The metagenome of clone 543 contained 18 ORFs with the highest blast match for each of the putative proteins spanning six different phyla (Proteobacteria, Planctomycetes, Actinobacteria, Bacteroidetes, Firmicutes and Spirochaetes), thus making it difficult to verify taxonomic assignments based on highest similarities. Several ORFs were considered for phylogenomic analysis to try and verify the taxonomic assignment of clone 543. ORF 1 was predicted to encode a 544-residue protein with highest match to a peptidyl-tRNA hydrolase homolog, a crucial bacterial enzyme involved in protein translation. However, the assignment to this particular function was questionable, given the very low sequence identity (38%) and the short length of alignment (113 aa). ORF 8 encoded a 126-residue protein that exhibited 50% sequence identity and 10+ top hits to quinolinate synthetase affiliated to a member of the phylum Actinobacteria. Additionally, COG predictions of ORF 8 assigned putative function as a quinolinate synthase (Table 2). Quinolinate synthetases are involved in the production of quinolinic acid from which NAD, a cofactor that plays a crucial role in numerous essential redox biological reactions, is derived (Ollagnier-de Choudens et al., 2005). A phylogenetic tree generated with ORF 8 and aligned homologs (Fig. 4c) showed that clone 543 may have a phylogenetic association with members of the phylum Actinobacteria, although this assignment must be considered with caution.
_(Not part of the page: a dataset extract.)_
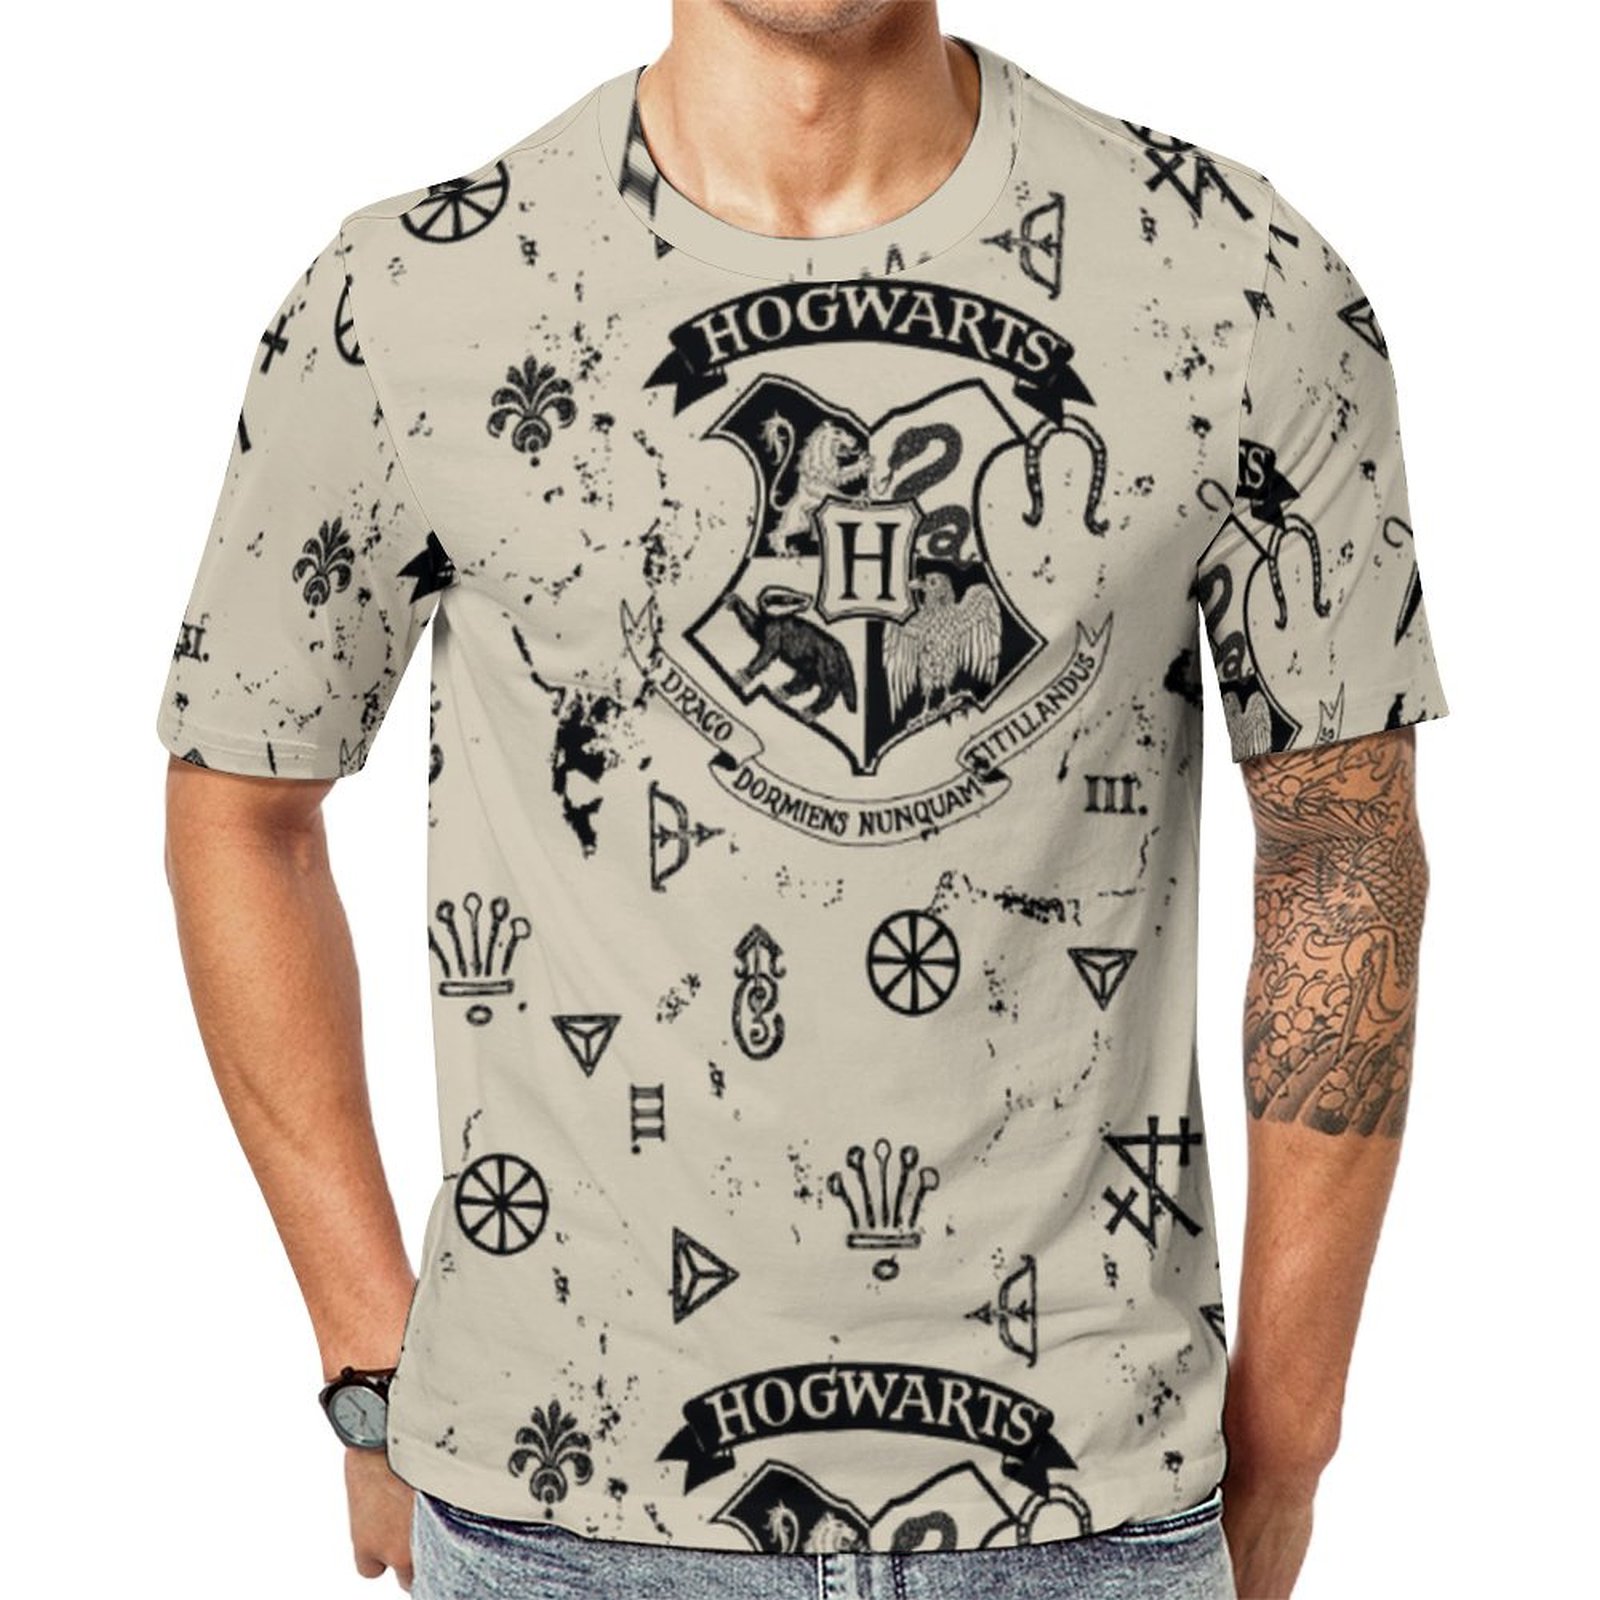 Hogwarts Beige Short Sleeve Print Unisex Tshirt Summer Casual Tees for Men and Women Coolcoshirts

Clone 1664 contained 19 ORFs and, in comparison to the other clones, had the highest percentage of hypothetical proteins (37%) and also had the highest percentage without homologs (32%). Approximately 42% of putative proteins encoded on clone 1664 exhibited closest similarity to homologs affiliated with the phylum Proteobacteria. The majority of matches were of low significance, i.e. very low percentage sequence identity and only partial length of alignments to homologs (Table 2) Although several matches were identified to predicted informational genes that could be used as phylogenetic markers, including ORF 10 which encoded a 180-residue protein that had closest similarity to a translation initiation factor (IF-2) affiliated to a member of the phylum Cyanobacteria, the blastp statistics were such that only a poor prediction of the putative function could be assigned. Thus, any phylogenomic analysis attempting to predict function as well as taxonomic assignments would not be conclusive. The results suggest that the metagenome of clone 1664 may have possibly originated from yet to be cultured novel bacteria, which may represent novel lineages or already known lineages for which no genome sequences are available in the databases.

Clone 578 was found to contain a 16S rRNA gene affiliated to members of the order Burkholderiales, class Betaproteobacteria with the closest cultured relatives being a yet to be validated taxon, strain A1004 (similarity value of 99%), and Roseateles deploymerans (DSM11813T) and Rubrivivax gelatinosus (DSM1709T), with which it was equidistantly placed with a similarity value of 96%. Further analysis of clone 578 showed that ORFs 1–6 were found to be most similar to proteins affiliated to different genera of the order Burkholderiales whereas ORFs 13–17 immediately after the 16S rRNA gene were most similar to a region of the genome of Methylibium petroleiphilum (ATCC BAA-1232T) (position 2394076–2404086) (GenBank Accession number CP000555); confirming that the metagenome of clone 578 is a member of the order Burkholderiales. Interestingly, ORFs 7–12 were found to be affiliated to members of three different phyla and not to order Burkholderiales. The mol% G+C content of ORFs 1–6 and ORFs 13–17 ranged from 62% to 72% (average of 66%), whereas that of ORFs 7–12 varied between 49% and 57% (average of 52%). This could suggest that horizontal gene transfer (HGT) of ORFs 7–12 might have occurred. The results of our analysis are similar to that noted by Nesbøet al. (2005) for their metagenome studies of anaerobic sediments in which 57–96% of the predicted ORFs of each metagenomic fragment were similar to the respective homologs of a particular phylum but another fraction (7–44%) of the ORFs of the same fragment that had a different mol% G+C content were not, presumably because the latter had been acquired by lateral gene transfer mechanisms.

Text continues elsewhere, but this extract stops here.